[Opening Given material section]
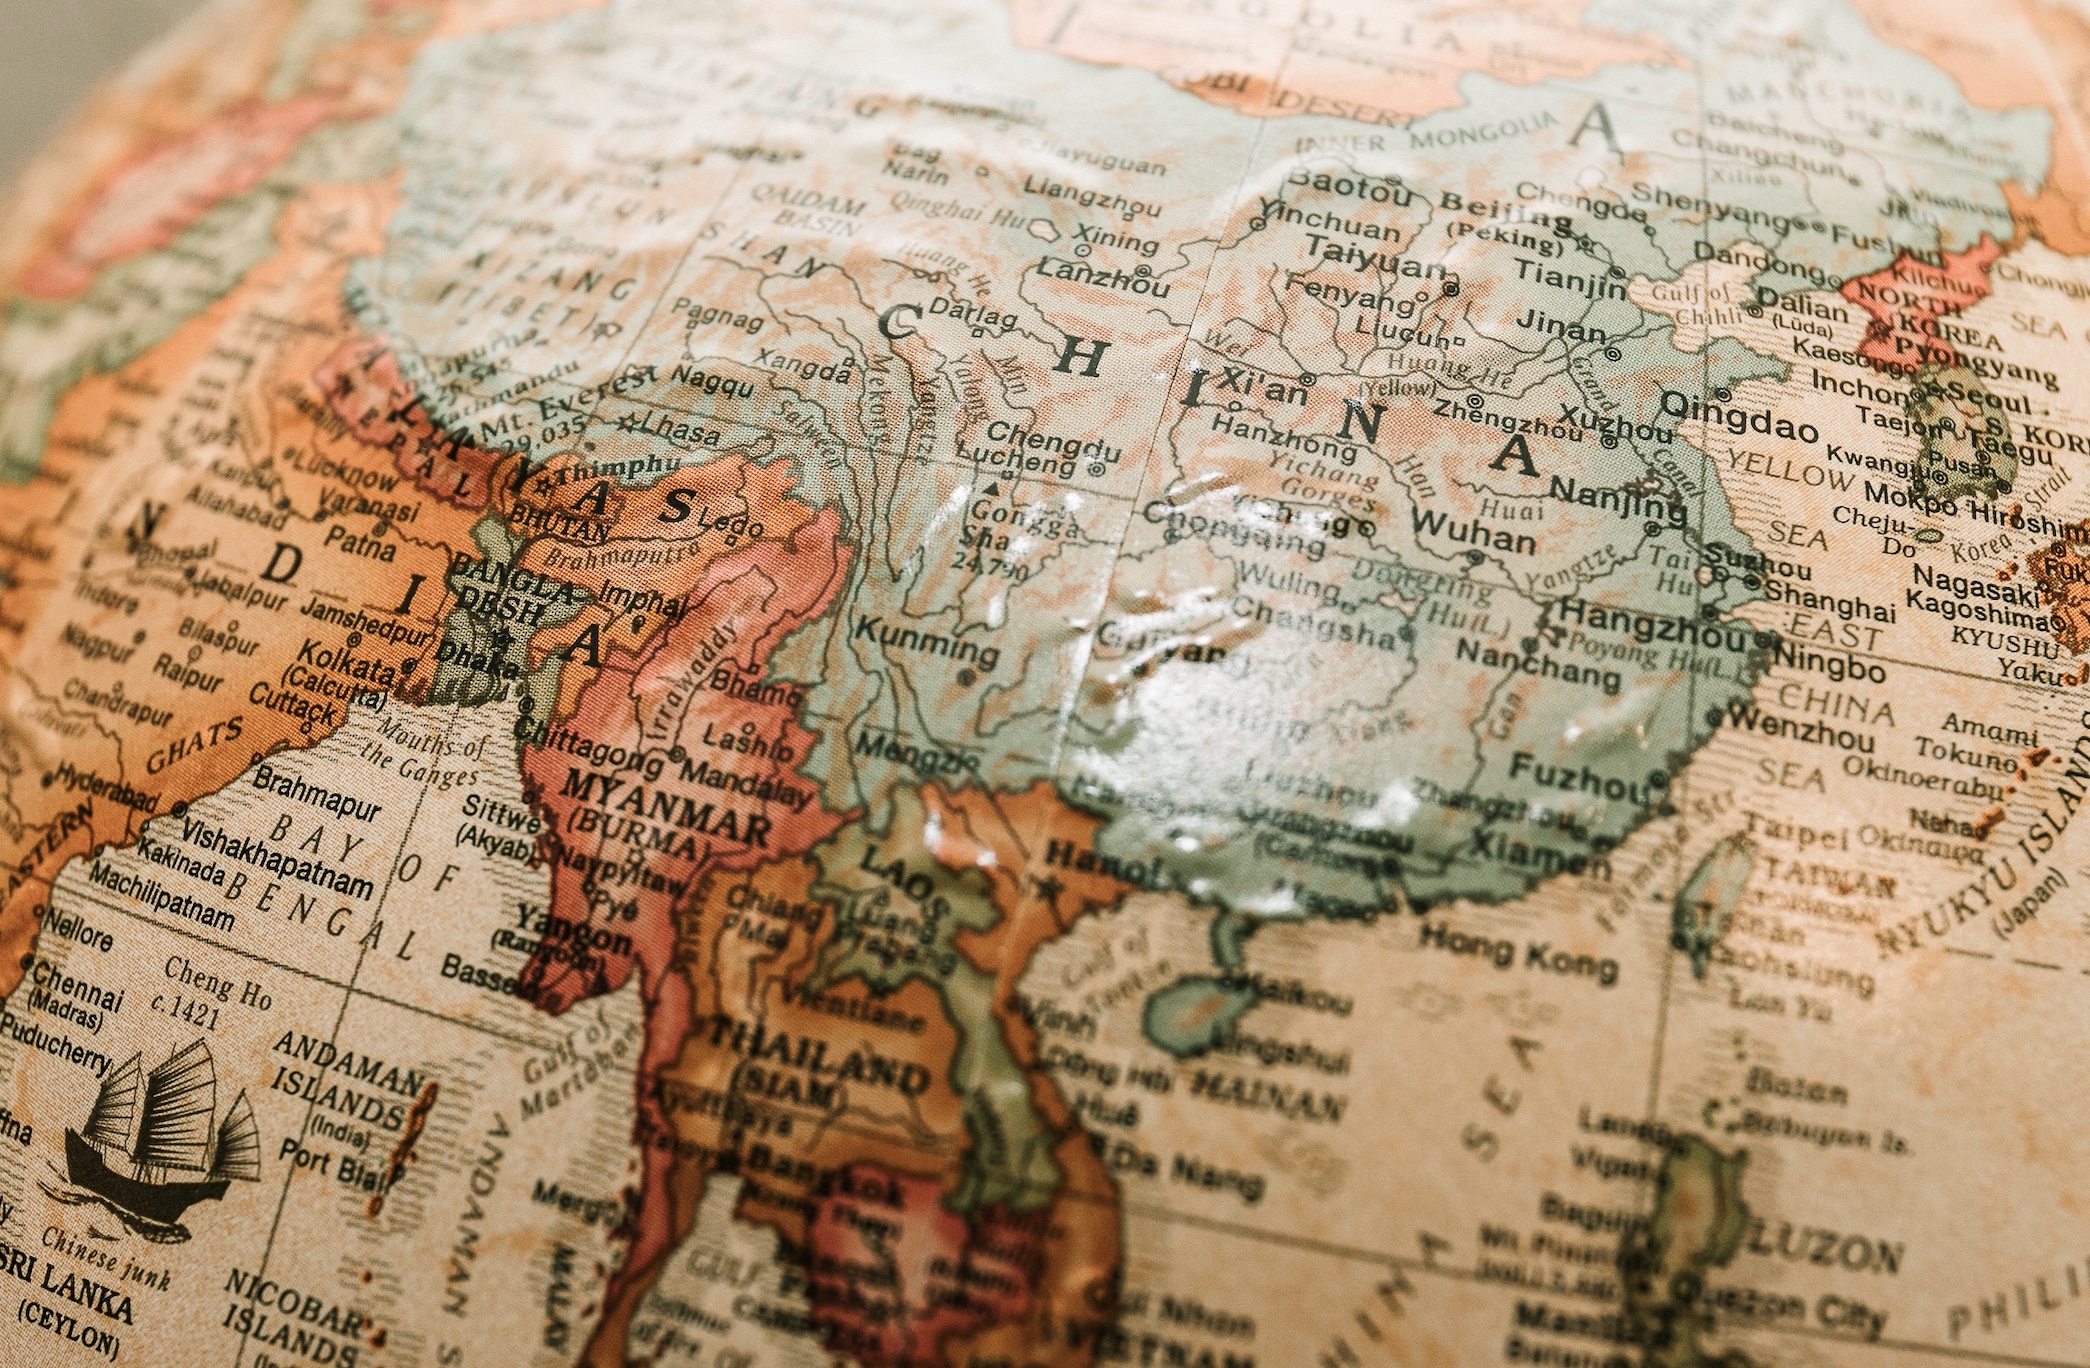 Close-up of globe showing India and China; image by James Coleman, via Unsplash.com.
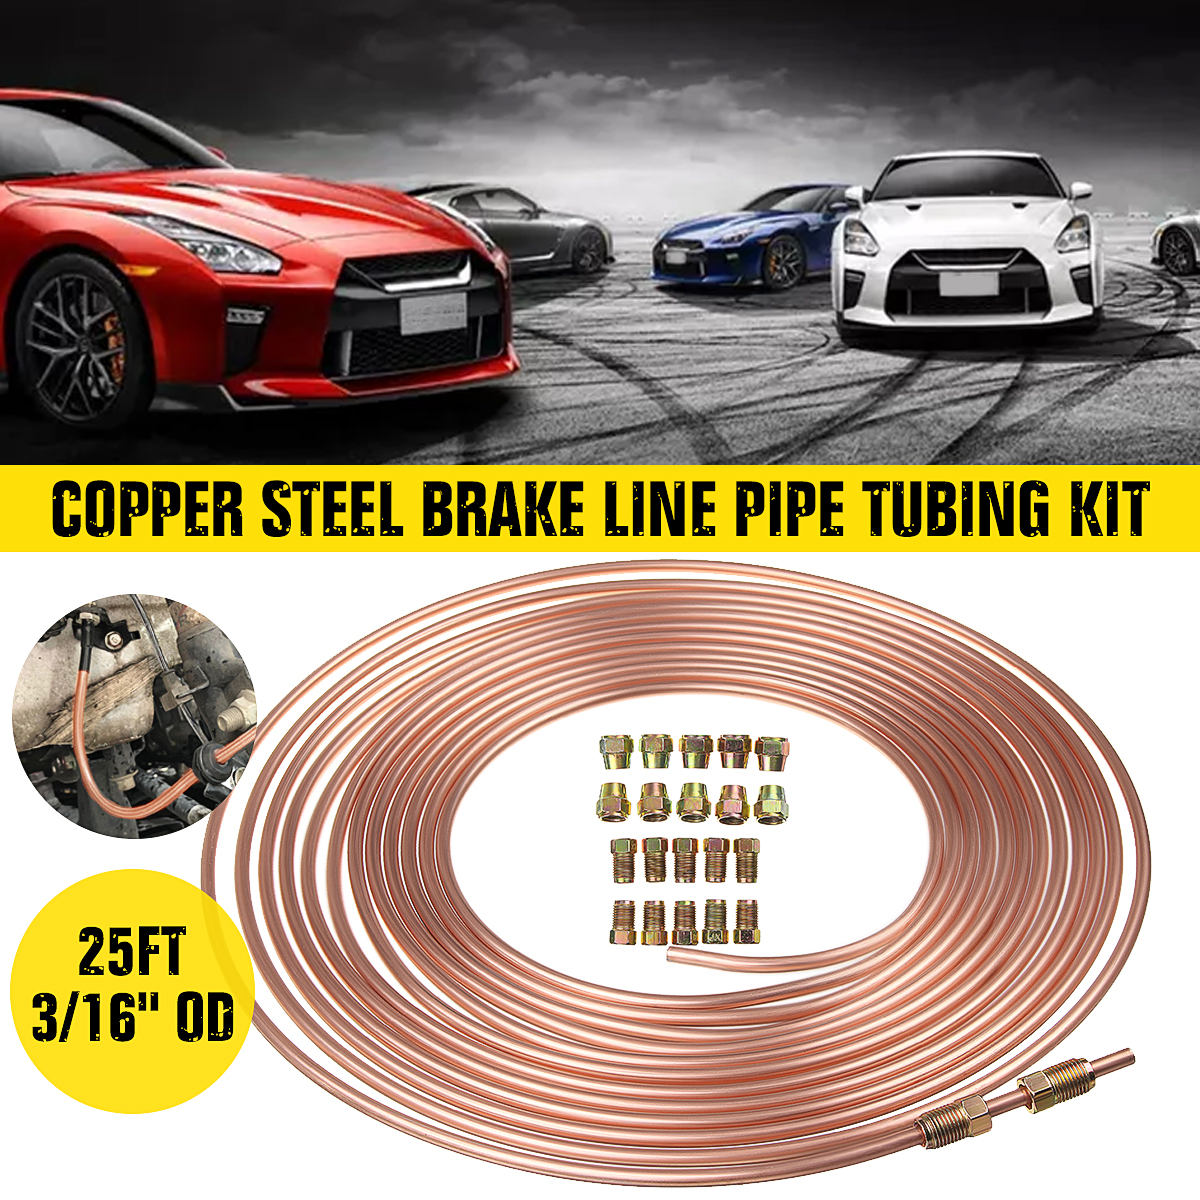 Roll-Copper-Steel-25-ft-316quot-Brake-Line-Pipe-Tubing-with-20-Pcs-Kit-Fittings-Brake-Female-Male-Nu-1543212-10
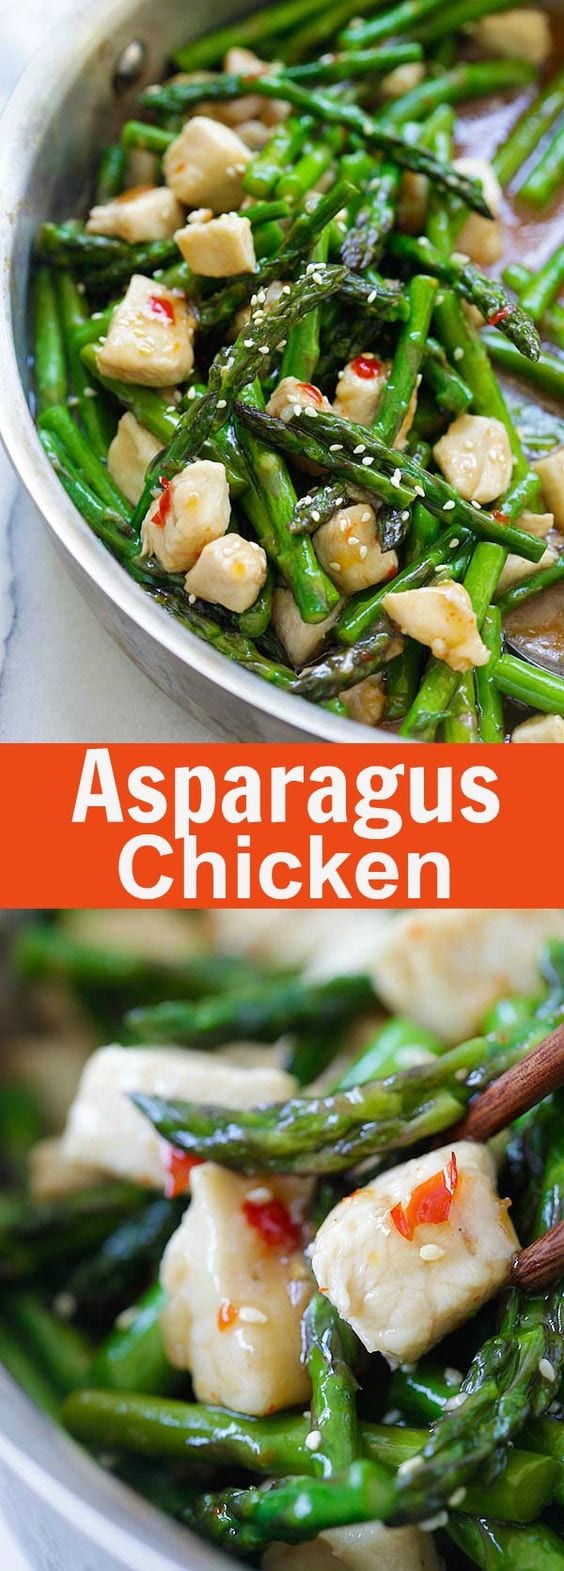 Chicken and Asparagus - healthy asparagus chicken stir-fry with a savory brown sauce and sweet chili sauce. Dinner is ready in 15 mins | rasamalaysia.com
[Closing Given material section]
### Problem to solve
Send back every line above exactly, skipping all pictures.

### Task response
 Close-up of globe showing India and China; image by James Coleman, via Unsplash.com.
 Roll-Copper-Steel-25-ft-316quot-Brake-Line-Pipe-Tubing-with-20-Pcs-Kit-Fittings-Brake-Female-Male-Nu-1543212-10
 Chicken and Asparagus - healthy asparagus chicken stir-fry with a savory brown sauce and sweet chili sauce. Dinner is ready in 15 mins | rasamalaysia.com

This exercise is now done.